Однажды, одиннадцатого октября 1970, четыре месяца спустя после своего шестидесятилетия, папа, по своему обыкновению, которому следовал всю жизнь, встал рано утром — задолго до того, как поднялись его домочадцы, побрился, надушился, смочил немного волосы перед тем, как зачесать их щеткой наверх, съел булочку с маслом, выпил два стакана чаю, почитал газету, повздыхал, заглянул в ежедневник, который всегда был раскрыт на его письменном столе, чтобы можно было вычеркнуть уже сделанное, повязал галстук, надел пиджак, подготовил для себя списочек покупок. И отправился в своем автомобиле к площади Дания на перекрестке бульвара Герцля и улицы Бейт ха-Керем, чтобы купить канцелярские товары в маленьком писчебумажном магазинчике, размещавшемся в подвале, — в этом магазинчике он обычно покупал все, что необходимо ему было для письма.
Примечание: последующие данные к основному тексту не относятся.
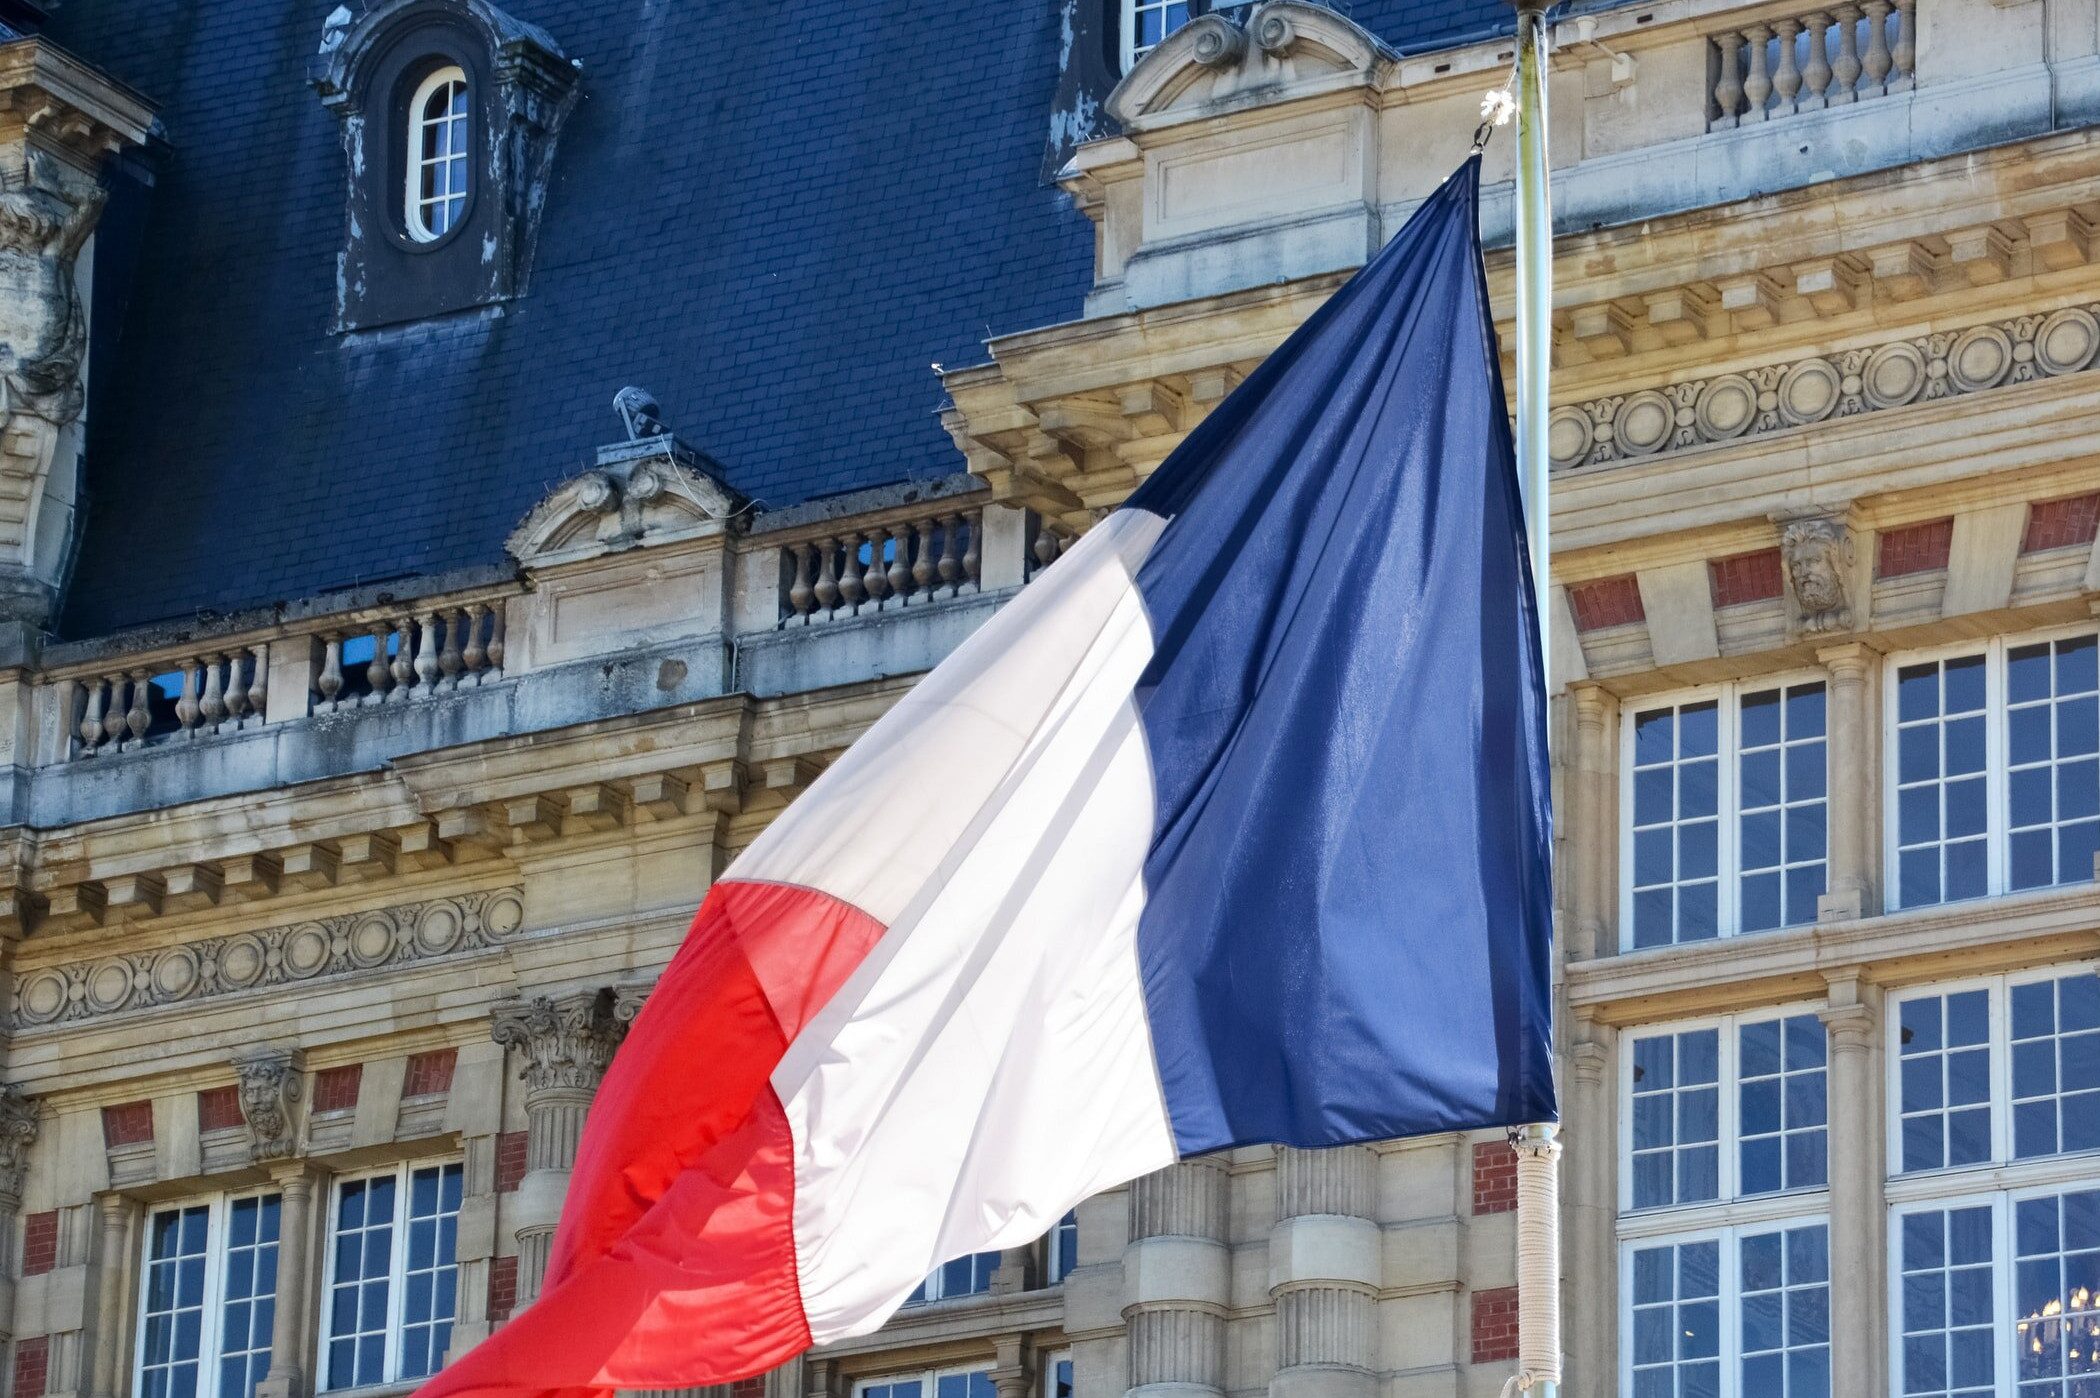 Ֆրանսիան Ադրբեջանին կոչ է անում կատարել իր միջազգային պարտավորությունները. Ֆրանսիայի ԱԳՆ-ն՝ հսկիչ-անցագրային կետ ստեղծելու մասին
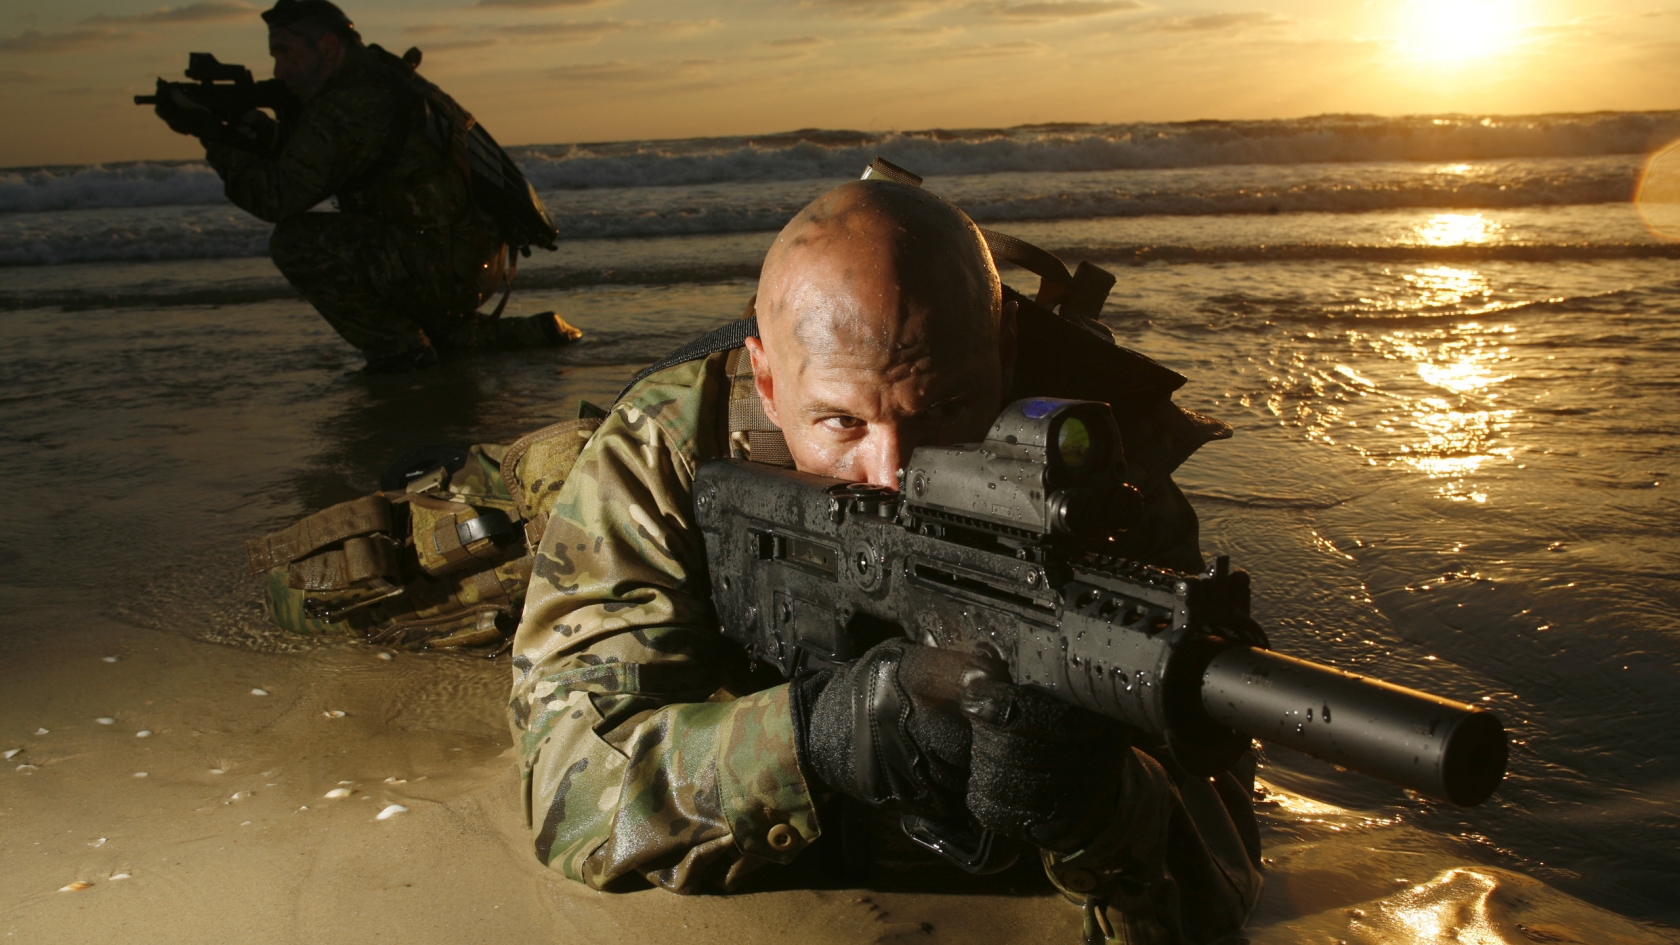 Sniper War for 1680 x 945 HDTV resolution

Он поставил машину на стоянку, запер ее, спустился вниз на пять-шесть ступенек, постоял в очереди и даже со всей возможной вежливостью уступил свою очередь какой-то немолодой госпоже, и купил все, что внес в свой список, и пошутил с хозяйкой магазинчика по поводу того, что «скрепка» — это, по сути, и предмет, и действие, и даже поговорил с ней о муниципальных проблемах, и заплатил за покупку, и получил от хозяйки магазина сдачу, и взял пакет со своими покупками, и любезно поблагодарил хозяйку, попросив, чтобы не забыла она передать привет своему добрейшему супругу, и расстался, пожелав ей хорошего, успешного дня, и попрощался с двумя незнакомцами, стоявшими за ним в очереди, и повернулся, и направился к двери, и упал, и умер тут же на месте от сердечного приступа.
Тело свое он завещал науке, а его письменный стол унаследовал я. И за ним пишутся эти страницы, пишутся без слез, потому что папа мой был принципиальным противником слез, во всяком случае — мужских слез.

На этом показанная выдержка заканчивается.